Items from a data source:
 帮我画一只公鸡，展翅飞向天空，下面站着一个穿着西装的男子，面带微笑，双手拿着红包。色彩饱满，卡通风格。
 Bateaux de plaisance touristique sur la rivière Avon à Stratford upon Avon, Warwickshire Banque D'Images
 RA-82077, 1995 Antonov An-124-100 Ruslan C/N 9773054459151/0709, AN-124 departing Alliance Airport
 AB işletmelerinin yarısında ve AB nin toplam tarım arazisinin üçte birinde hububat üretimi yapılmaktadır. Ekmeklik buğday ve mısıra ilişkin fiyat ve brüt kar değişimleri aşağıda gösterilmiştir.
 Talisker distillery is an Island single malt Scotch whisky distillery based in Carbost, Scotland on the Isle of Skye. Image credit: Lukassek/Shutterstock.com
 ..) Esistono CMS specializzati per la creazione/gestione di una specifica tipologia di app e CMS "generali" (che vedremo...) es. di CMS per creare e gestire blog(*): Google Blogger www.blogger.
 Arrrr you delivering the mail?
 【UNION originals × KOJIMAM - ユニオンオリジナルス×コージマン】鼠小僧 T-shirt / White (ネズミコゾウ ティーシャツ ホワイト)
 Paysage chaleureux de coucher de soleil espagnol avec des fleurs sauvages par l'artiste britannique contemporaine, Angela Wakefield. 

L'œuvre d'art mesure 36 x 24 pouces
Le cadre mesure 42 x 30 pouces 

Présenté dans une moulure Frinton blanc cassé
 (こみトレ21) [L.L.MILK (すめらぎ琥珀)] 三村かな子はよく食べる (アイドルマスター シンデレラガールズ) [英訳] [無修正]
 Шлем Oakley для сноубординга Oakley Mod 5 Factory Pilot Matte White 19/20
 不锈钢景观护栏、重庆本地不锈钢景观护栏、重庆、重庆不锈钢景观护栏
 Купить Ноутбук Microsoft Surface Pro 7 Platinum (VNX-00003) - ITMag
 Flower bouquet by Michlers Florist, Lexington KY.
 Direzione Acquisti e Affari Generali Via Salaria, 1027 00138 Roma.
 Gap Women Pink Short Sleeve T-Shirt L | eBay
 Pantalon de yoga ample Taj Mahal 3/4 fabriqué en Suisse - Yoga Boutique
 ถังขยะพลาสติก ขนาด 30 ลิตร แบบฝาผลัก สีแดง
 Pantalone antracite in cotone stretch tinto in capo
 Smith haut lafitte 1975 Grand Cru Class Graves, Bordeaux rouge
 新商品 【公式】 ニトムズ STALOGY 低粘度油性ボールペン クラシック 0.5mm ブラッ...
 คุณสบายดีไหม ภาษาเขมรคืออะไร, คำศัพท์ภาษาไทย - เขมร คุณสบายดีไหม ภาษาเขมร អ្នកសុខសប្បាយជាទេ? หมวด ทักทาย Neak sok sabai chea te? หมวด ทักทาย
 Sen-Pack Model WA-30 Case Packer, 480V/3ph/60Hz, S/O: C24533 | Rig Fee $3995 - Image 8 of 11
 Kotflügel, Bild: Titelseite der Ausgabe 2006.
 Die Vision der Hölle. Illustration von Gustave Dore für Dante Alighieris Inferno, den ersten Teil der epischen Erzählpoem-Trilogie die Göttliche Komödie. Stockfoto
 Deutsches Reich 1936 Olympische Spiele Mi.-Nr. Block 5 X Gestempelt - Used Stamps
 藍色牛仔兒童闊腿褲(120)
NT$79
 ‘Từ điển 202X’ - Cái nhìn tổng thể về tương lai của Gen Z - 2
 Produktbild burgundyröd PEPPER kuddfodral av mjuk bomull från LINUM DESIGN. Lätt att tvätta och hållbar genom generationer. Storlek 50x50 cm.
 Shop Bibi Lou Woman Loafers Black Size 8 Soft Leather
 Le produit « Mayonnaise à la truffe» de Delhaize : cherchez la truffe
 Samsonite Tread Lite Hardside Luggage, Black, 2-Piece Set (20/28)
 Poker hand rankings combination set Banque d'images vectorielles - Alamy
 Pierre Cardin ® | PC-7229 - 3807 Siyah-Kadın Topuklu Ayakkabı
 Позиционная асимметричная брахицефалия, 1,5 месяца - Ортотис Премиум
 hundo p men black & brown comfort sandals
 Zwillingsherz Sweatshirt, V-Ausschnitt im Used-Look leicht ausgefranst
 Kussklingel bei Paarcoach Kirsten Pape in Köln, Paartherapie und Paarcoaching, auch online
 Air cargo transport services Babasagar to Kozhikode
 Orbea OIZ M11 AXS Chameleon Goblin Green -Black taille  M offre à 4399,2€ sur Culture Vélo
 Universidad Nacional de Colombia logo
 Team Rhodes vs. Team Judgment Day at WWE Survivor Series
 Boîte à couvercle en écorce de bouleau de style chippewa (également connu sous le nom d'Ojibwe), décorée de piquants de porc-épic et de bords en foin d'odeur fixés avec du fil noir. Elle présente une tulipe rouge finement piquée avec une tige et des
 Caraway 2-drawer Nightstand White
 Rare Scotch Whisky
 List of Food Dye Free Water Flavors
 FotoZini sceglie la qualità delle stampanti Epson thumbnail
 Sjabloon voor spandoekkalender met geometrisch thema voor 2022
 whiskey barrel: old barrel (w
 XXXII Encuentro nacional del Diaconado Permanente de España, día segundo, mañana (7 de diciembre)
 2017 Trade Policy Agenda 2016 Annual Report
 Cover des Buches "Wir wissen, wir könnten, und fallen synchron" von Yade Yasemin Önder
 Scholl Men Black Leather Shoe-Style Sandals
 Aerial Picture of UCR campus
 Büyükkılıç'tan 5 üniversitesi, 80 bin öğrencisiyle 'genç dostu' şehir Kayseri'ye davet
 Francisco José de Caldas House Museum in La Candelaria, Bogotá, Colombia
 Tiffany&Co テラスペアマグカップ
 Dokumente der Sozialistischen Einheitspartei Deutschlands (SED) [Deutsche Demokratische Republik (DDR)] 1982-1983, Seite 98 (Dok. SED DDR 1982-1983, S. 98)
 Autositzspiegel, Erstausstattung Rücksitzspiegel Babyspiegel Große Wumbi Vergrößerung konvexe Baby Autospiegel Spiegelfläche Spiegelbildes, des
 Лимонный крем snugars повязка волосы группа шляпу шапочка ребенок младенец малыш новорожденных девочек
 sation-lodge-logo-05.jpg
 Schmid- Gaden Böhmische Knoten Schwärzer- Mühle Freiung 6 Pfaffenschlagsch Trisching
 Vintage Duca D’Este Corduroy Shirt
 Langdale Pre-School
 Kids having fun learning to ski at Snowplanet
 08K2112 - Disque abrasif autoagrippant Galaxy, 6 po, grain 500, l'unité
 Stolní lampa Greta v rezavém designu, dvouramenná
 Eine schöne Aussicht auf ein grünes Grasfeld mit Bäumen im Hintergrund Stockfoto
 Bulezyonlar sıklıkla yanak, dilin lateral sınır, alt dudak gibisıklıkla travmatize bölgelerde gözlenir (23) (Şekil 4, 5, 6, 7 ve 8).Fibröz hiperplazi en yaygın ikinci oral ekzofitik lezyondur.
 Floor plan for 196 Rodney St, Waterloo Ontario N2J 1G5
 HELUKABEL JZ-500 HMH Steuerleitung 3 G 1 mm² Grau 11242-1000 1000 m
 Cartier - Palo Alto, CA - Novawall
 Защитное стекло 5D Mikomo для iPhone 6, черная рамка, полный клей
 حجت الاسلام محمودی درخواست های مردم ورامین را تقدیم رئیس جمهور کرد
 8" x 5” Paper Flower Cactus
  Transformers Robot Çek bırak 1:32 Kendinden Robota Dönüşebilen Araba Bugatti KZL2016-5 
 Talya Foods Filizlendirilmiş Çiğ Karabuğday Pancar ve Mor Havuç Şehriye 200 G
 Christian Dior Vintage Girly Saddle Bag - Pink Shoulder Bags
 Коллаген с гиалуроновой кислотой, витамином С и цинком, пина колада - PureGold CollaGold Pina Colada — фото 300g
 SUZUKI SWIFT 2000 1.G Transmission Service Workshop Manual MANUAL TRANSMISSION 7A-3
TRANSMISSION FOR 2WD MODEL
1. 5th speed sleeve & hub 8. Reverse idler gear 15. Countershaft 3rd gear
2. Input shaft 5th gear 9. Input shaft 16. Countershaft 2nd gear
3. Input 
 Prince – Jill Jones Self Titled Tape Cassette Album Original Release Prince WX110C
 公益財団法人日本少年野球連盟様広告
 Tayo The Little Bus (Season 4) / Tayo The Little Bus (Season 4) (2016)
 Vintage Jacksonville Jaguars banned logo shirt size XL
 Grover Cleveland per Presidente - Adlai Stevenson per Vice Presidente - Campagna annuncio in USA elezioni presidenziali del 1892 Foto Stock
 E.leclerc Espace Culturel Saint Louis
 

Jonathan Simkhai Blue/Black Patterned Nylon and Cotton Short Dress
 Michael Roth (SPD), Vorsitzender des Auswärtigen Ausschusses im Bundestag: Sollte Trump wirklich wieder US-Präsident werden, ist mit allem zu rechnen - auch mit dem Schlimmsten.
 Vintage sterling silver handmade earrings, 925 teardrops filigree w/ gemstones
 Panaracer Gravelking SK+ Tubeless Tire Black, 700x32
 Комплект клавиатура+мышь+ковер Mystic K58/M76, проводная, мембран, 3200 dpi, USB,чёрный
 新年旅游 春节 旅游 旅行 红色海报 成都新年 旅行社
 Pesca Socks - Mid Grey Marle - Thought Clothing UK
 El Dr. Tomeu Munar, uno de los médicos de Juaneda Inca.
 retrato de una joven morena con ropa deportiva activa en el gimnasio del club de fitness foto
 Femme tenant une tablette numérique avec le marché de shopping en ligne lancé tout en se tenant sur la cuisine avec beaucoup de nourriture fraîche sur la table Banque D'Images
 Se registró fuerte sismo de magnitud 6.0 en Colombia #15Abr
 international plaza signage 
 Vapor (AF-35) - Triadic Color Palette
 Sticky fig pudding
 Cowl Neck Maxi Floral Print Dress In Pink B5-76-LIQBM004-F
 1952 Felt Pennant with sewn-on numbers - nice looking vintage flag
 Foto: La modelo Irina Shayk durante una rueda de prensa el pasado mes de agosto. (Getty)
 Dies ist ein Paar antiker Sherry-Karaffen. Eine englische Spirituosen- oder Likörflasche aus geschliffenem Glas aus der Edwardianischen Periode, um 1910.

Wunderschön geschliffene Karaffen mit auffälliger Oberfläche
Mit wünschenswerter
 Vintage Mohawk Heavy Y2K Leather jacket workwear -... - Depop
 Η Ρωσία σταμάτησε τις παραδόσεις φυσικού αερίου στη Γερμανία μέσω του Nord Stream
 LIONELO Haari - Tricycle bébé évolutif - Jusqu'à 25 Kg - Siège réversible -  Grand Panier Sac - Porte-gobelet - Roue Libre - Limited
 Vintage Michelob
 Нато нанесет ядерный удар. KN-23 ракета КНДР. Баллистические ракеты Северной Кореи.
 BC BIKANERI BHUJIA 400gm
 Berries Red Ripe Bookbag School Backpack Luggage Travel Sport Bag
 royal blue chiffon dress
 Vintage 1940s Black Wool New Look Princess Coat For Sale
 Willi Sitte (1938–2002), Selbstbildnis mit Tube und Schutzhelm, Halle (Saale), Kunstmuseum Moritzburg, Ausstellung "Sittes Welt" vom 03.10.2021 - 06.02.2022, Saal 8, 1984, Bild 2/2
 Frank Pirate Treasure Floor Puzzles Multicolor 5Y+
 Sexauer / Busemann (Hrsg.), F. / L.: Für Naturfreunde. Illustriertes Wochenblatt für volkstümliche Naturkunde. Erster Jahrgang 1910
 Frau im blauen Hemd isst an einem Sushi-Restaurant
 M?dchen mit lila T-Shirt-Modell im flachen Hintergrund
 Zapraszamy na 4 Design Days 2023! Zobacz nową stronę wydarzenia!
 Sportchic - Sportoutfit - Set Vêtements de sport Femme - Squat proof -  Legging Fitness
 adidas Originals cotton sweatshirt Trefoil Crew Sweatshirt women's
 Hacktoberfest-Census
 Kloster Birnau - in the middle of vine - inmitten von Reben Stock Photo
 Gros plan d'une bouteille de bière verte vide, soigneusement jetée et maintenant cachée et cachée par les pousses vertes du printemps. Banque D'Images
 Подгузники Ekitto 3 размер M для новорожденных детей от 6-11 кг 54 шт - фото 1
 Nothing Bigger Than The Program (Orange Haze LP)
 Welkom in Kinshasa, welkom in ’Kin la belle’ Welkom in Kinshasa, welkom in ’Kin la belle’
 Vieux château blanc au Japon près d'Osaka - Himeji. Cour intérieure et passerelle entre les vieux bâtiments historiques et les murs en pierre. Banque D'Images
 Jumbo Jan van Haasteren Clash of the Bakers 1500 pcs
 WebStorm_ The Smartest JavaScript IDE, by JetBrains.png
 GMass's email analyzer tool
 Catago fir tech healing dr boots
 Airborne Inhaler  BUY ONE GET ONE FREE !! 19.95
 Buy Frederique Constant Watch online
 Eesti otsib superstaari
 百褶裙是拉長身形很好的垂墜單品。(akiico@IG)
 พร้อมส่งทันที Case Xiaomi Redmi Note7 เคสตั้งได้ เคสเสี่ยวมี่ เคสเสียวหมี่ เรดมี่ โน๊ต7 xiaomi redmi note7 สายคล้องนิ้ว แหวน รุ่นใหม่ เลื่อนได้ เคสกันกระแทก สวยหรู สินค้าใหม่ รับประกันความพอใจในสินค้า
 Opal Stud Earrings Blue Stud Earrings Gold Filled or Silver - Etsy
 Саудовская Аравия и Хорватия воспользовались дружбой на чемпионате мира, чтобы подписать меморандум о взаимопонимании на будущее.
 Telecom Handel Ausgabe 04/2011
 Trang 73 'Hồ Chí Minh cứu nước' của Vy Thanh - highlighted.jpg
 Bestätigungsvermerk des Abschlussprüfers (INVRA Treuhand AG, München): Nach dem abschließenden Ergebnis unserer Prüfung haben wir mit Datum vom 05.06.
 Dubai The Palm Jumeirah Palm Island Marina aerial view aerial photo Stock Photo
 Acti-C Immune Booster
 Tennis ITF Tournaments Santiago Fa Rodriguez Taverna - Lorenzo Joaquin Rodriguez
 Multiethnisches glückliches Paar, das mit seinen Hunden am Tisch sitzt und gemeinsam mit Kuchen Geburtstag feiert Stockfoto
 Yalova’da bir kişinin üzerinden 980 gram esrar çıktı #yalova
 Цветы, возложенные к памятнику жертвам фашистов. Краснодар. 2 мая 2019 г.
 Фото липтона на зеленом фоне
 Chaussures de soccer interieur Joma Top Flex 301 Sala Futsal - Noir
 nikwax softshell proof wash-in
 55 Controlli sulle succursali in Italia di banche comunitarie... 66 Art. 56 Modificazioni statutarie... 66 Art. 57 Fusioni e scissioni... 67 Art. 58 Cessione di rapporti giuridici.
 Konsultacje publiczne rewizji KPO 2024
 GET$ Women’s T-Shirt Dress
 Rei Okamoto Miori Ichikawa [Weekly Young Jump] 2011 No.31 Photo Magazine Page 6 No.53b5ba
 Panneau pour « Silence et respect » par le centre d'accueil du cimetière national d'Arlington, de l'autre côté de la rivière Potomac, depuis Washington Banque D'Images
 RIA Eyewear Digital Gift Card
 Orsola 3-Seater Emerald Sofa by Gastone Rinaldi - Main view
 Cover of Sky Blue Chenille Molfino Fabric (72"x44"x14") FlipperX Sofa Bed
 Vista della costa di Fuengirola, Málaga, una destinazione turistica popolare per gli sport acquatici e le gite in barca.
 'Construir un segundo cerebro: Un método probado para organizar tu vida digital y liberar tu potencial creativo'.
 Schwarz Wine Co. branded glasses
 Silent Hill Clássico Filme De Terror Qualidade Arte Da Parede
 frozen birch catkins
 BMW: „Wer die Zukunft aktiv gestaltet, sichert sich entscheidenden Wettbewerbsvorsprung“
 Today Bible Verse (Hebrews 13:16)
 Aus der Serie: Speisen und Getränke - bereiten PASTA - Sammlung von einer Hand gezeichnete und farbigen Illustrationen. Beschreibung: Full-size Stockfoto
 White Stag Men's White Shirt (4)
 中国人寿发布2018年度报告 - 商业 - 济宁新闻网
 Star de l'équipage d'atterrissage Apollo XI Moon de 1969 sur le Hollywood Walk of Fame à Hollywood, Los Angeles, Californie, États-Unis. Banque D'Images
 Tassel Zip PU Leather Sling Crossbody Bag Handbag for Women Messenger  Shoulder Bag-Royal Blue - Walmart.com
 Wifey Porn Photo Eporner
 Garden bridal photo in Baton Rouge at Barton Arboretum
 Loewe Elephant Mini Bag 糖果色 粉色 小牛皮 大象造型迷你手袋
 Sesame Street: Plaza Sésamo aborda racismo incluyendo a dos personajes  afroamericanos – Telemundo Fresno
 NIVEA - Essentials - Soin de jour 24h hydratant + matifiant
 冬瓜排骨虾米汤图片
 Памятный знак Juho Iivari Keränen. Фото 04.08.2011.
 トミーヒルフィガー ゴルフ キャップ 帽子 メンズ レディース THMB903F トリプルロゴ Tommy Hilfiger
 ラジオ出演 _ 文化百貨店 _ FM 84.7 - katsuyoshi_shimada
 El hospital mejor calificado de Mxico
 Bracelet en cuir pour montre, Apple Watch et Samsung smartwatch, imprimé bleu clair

Work item:
Please return only the lines above, starting at the line that has "Talya Foods Filizlendirilmiş" and ending at the line that has "TRANSMISSION FOR 2WD MODEL", keeping both and leaving each one unchanged.

Written answer:
 Talya Foods Filizlendirilmiş Çiğ Karabuğday Pancar ve Mor Havuç Şehriye 200 G
 Christian Dior Vintage Girly Saddle Bag - Pink Shoulder Bags
 Коллаген с гиалуроновой кислотой, витамином С и цинком, пина колада - PureGold CollaGold Pina Colada — фото 300g
 SUZUKI SWIFT 2000 1.G Transmission Service Workshop Manual MANUAL TRANSMISSION 7A-3
TRANSMISSION FOR 2WD MODEL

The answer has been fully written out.